By  Janet Upadhye and Ben Fractenberg | November 2, 2012 8:41am 

NEW DORP BEACH — Residents of New Dorp Beach are continuing to cleanup after Hurricane Sandy devastated their community — and many are still wondering when power and vital relief was getting to them.
 
Water still covered parts of Cedar Grove Avenue, which is just off the beach in the Lower Bay, and some houses were completely destroyed. Neighbors slowly cleaned their property, some seemingly unsure where to even start addressing the damage.
 
"We need help," said Caroline Tresca who lives in New Dorp. "We need Red Cross, we need FEMA. People have nothing."
 
FEMA inspectors were seen in Midland Beach Thursday morning, meeting with people whose houses were destroyed. One worker described the amount of appointments they faced Wednesday as "overwhelming."
 
About a half dozen police were stationed on Cedar Grove Avenue and the Fire Department responded to a call of a gas leak in a neighborhood home, but many people were relying on each other for help.
 
Some residents draped piles of free clothes over a wooden guardrail on the avenue.
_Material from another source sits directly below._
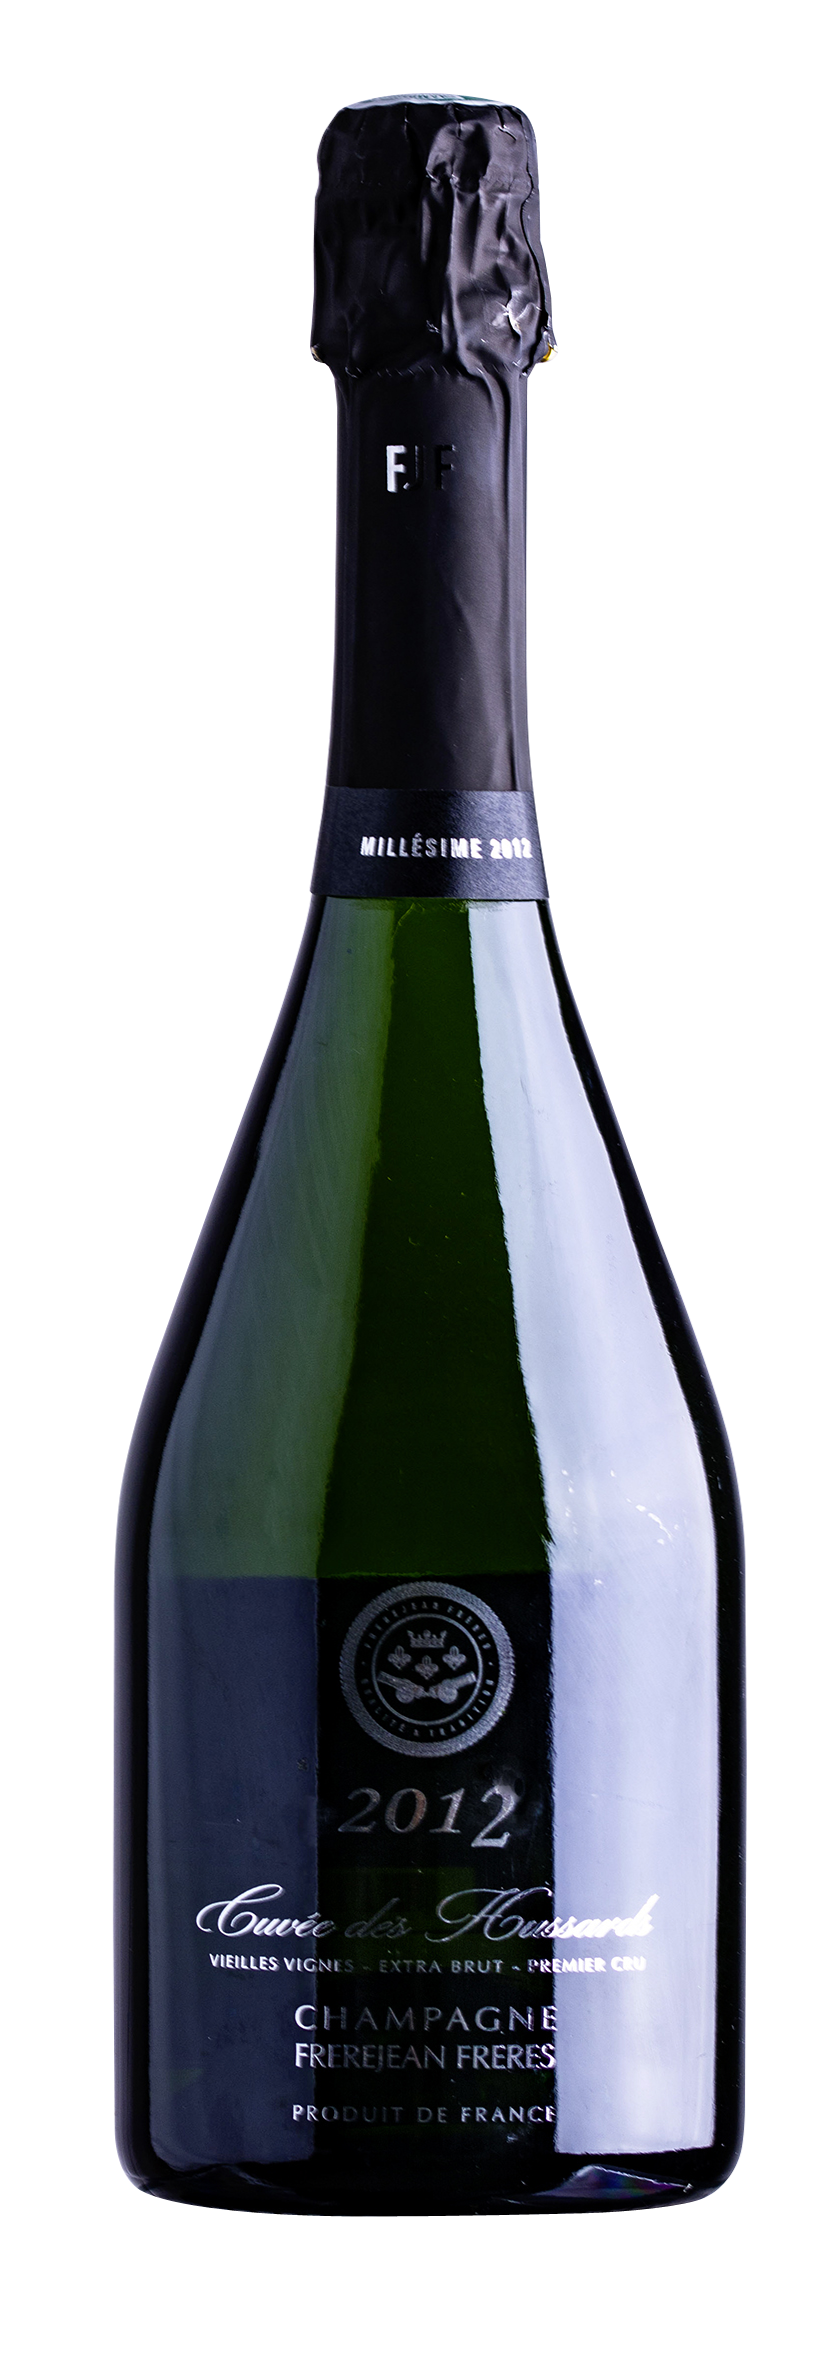 Champagne AOC Premier Cru Cuvée des Hussards 2012

Others walked around handing out water and baked goods.
 
"Community members are really coming together to help each other out," said Nicole Malliotakis, local New York State Assemblywoman. "Even the bowling alley is donating food and clothes."
 
While the macabre work of searching for dead bodies in homes had just about ended Thursday, there was still grim news coming out.
 
The bodies of two young boys, who went missing during the hurricane when their mother's car got stuck in floodwater, were found Thursday morning just north of New Dorp Beach in a marsh off Father Capodanno Boulevard.
 
"She's a great mother," said Lisa Carrano, the family's neighbor. "What she was trying to do was get her children to safety."
 
But there stories of survival too.
 
Lenny Nicholas, 48, was forced to flee his Midland Beach home when water surged through his neighborhood Monday night.
 
"You saw it rush in like a tsunami," said Nicholas, who fled his home, leaving his cat and Rottweiler behind. "You didn't even have enough time to turn around grab anything."
 
Nicholas tried to get back to his home later that evening and almost drowned.
 
"I was swimming as hard as I could," he said. "It was pulling me under."
 
Miraculously, when he did finally get back to his home after the hurricane left, his animals were still alive. 
 
Eric Diaz, 18, said he was walking in Midland Beach Wednesday when he passed a distraught man.
 
"All I want is my mother's ashes," he said the man yelled to him, unable to get into his home which was still flooded.
 
Diaz waded waist-deep through the murky water into the house, found the urn and brought it back.